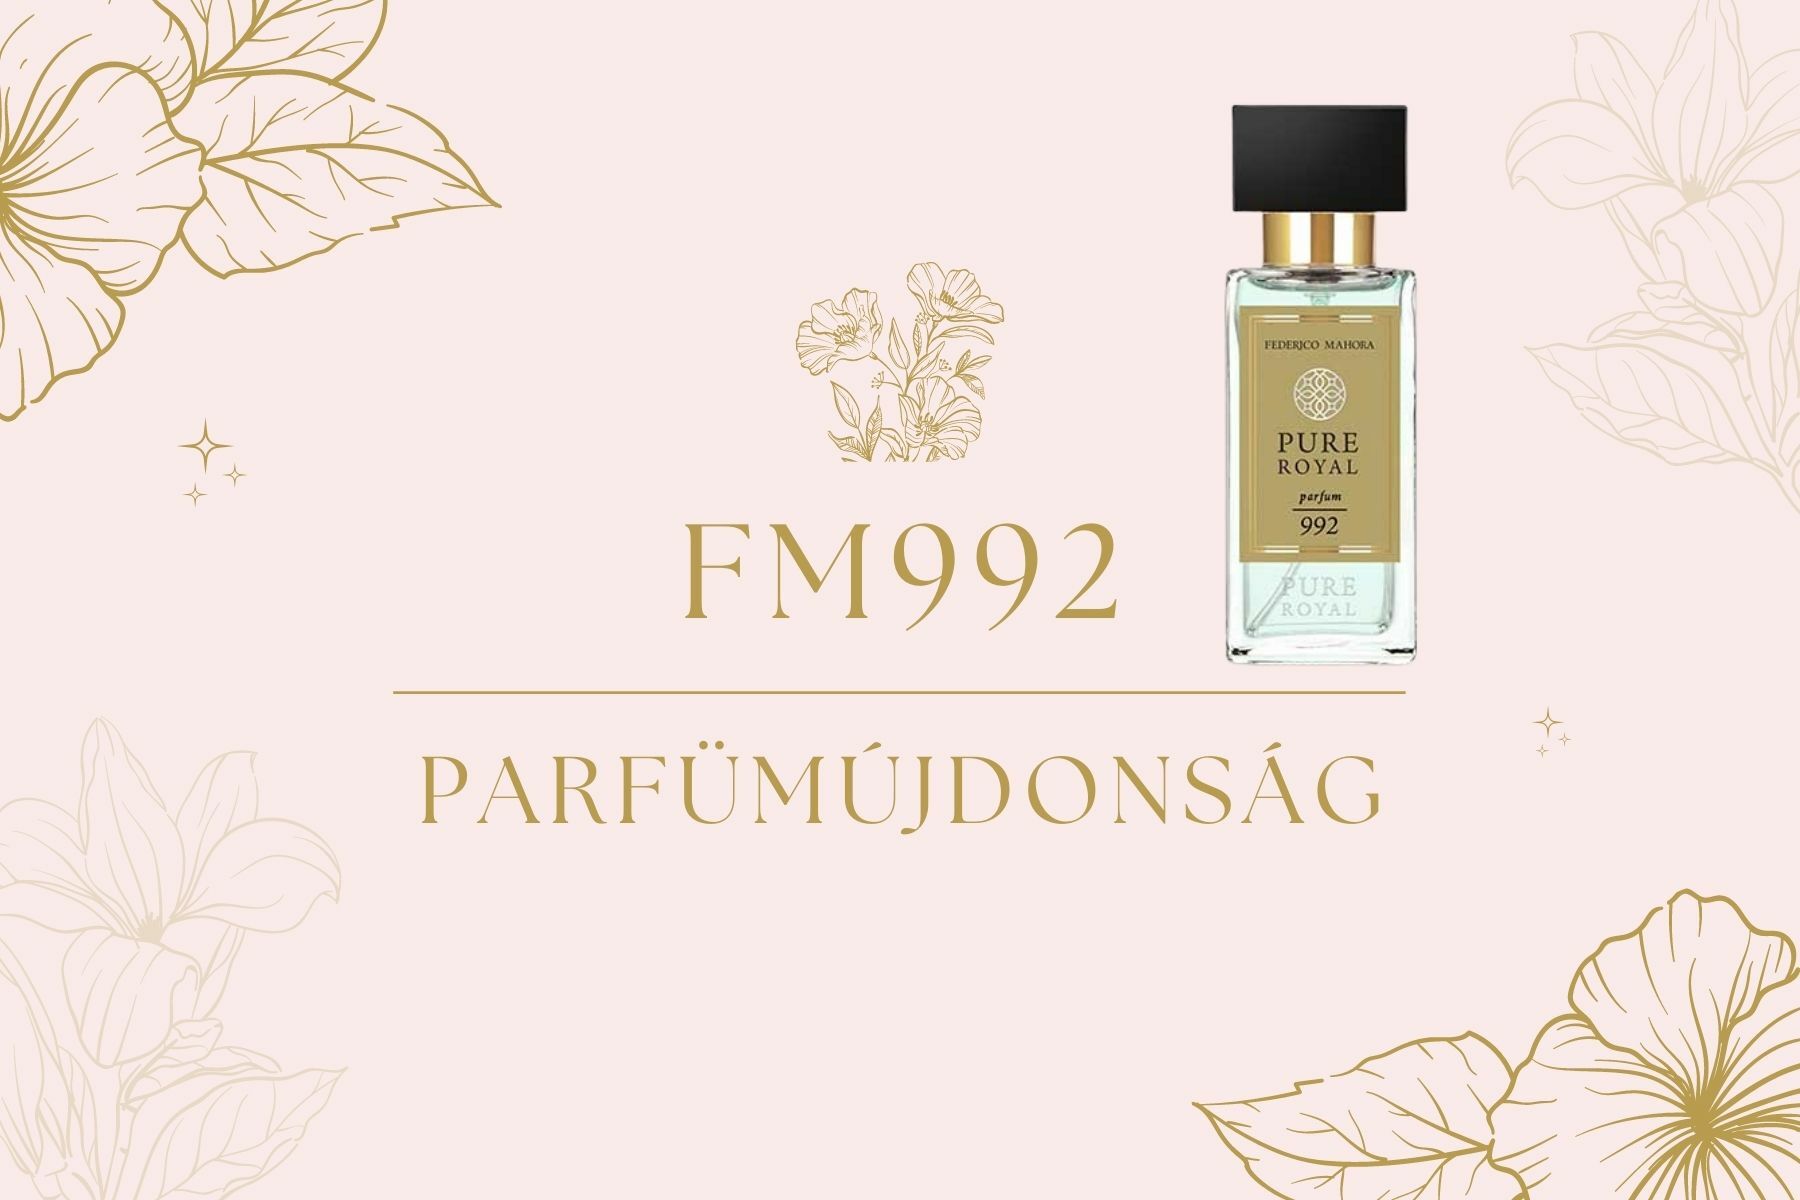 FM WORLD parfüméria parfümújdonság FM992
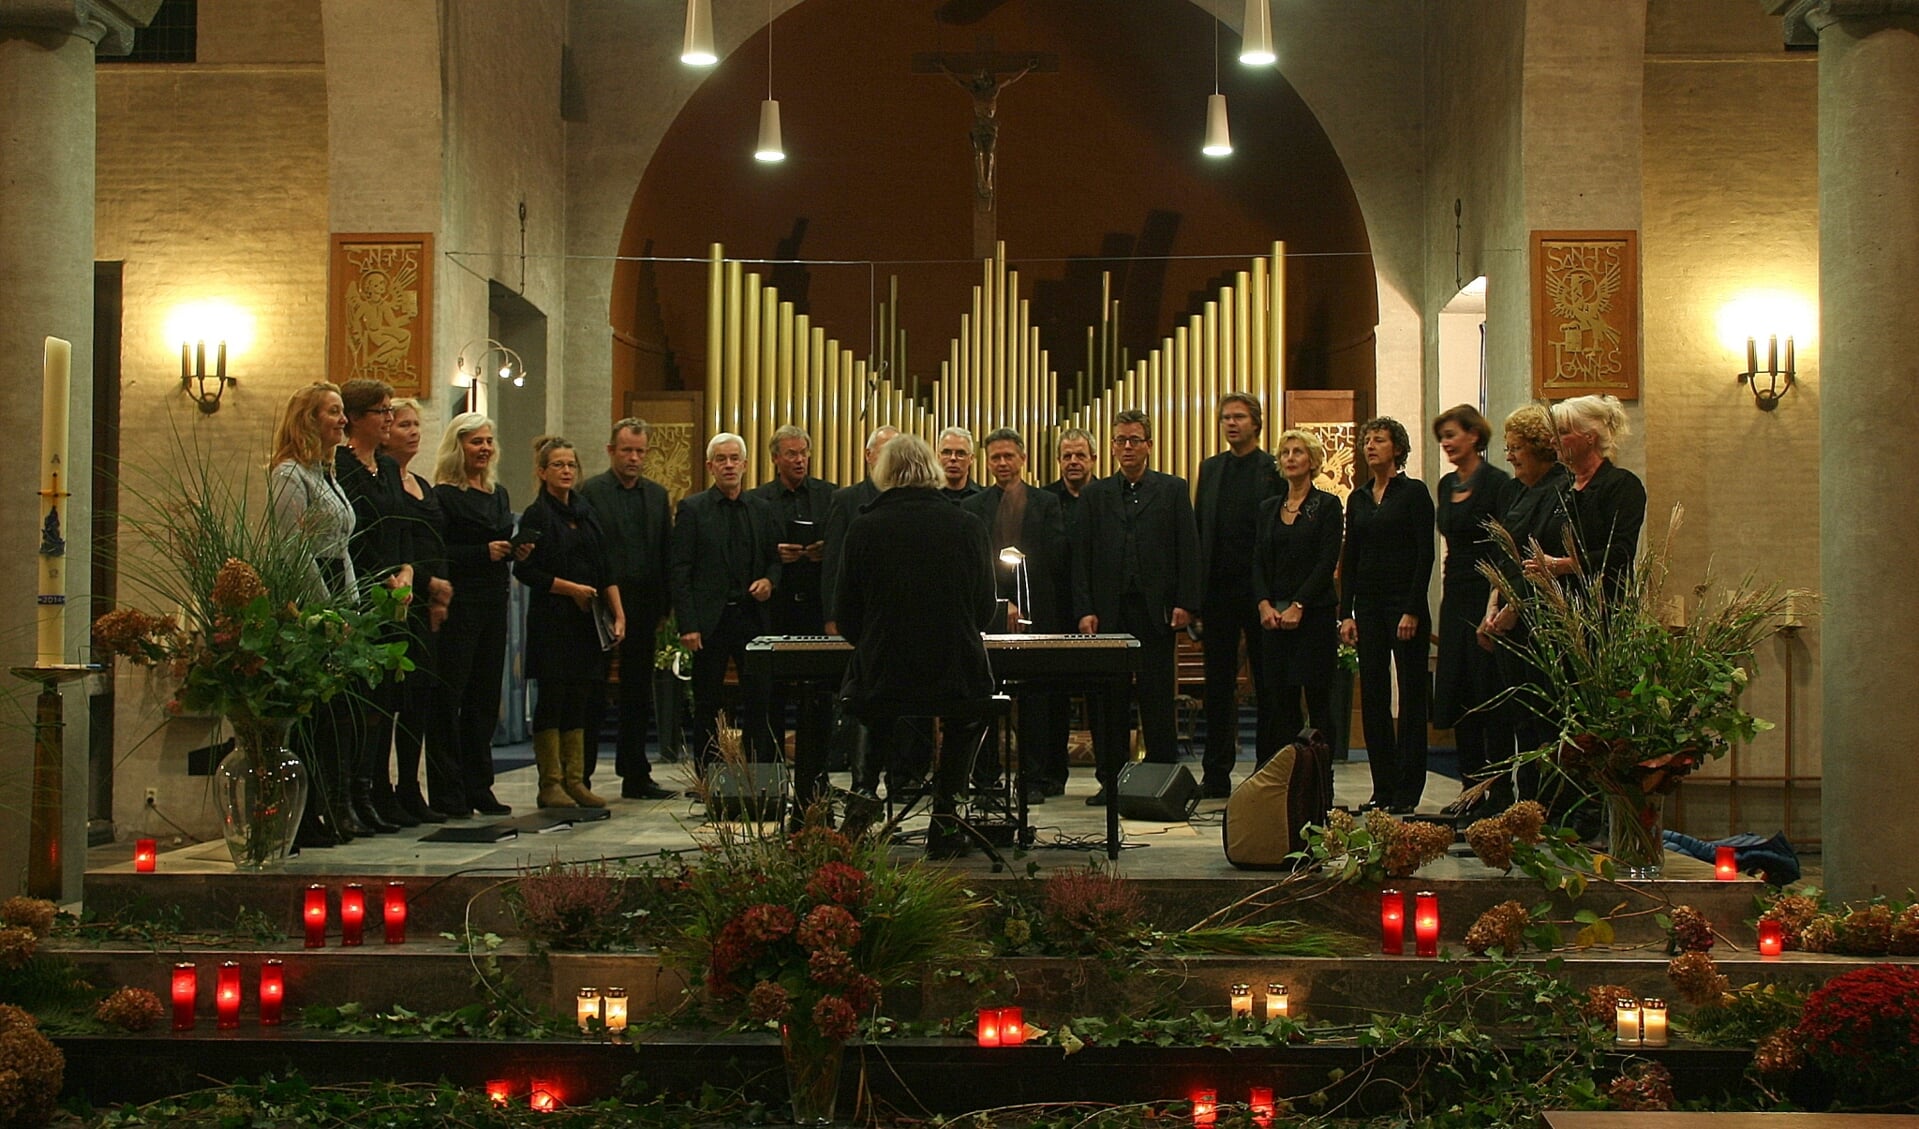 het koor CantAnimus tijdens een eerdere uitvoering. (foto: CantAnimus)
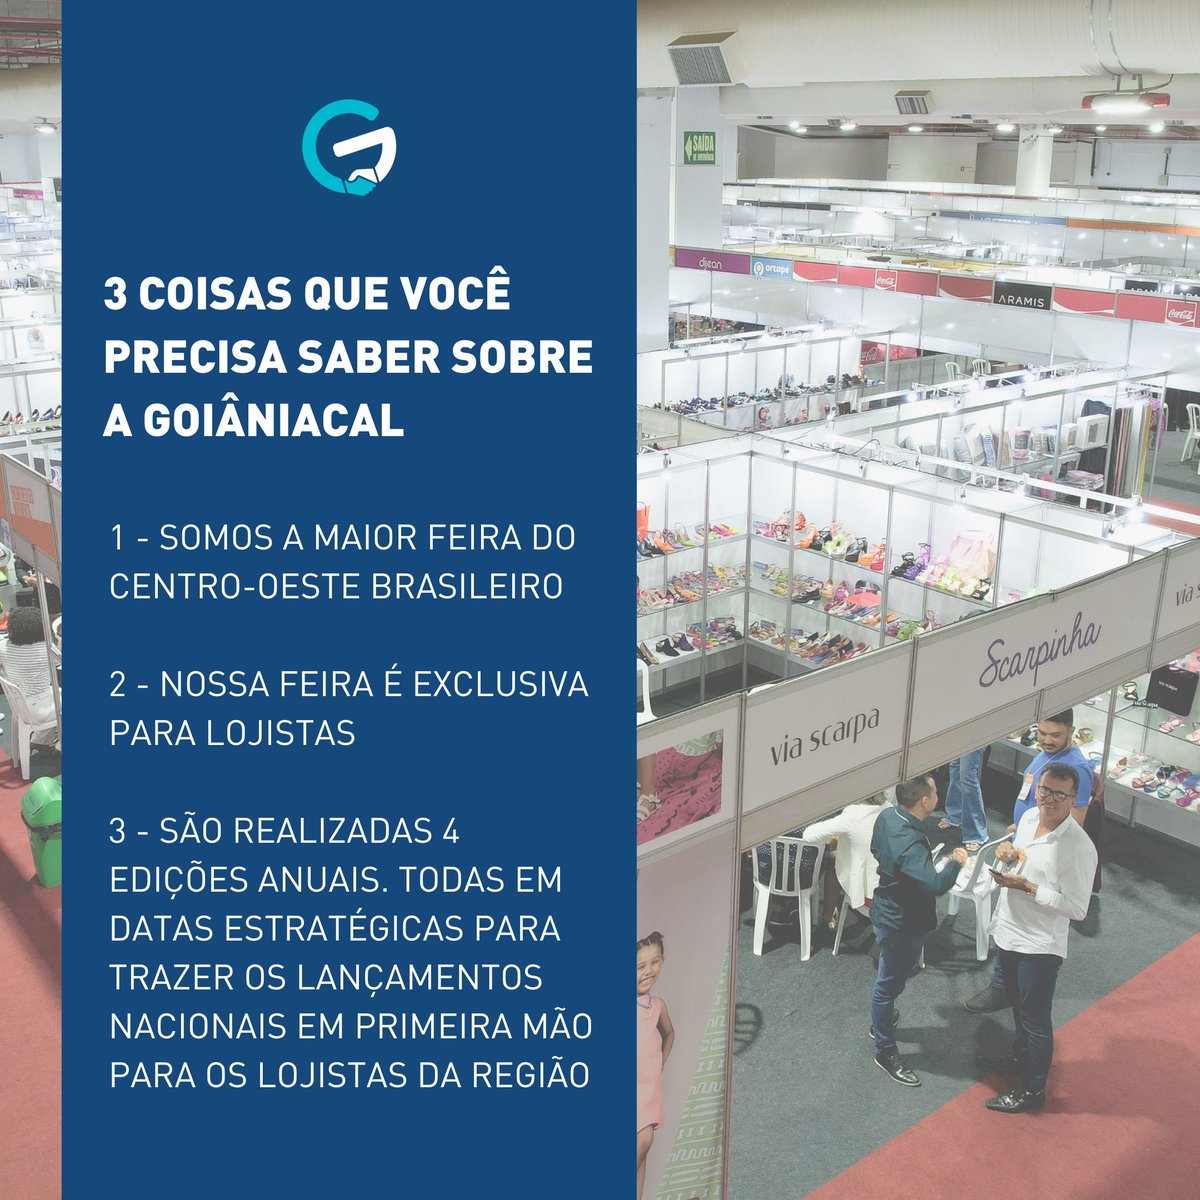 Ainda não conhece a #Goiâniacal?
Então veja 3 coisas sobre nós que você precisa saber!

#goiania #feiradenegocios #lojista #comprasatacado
☆ ☆ ☆ ☆ ☆
▶ Instructions for the task: Having found the line that contains "Então veja 3", set down that line and all the rest through the end of the records, exactly.

▶ Reply:
Então veja 3 coisas sobre nós que você precisa saber!

#goiania #feiradenegocios #lojista #comprasatacado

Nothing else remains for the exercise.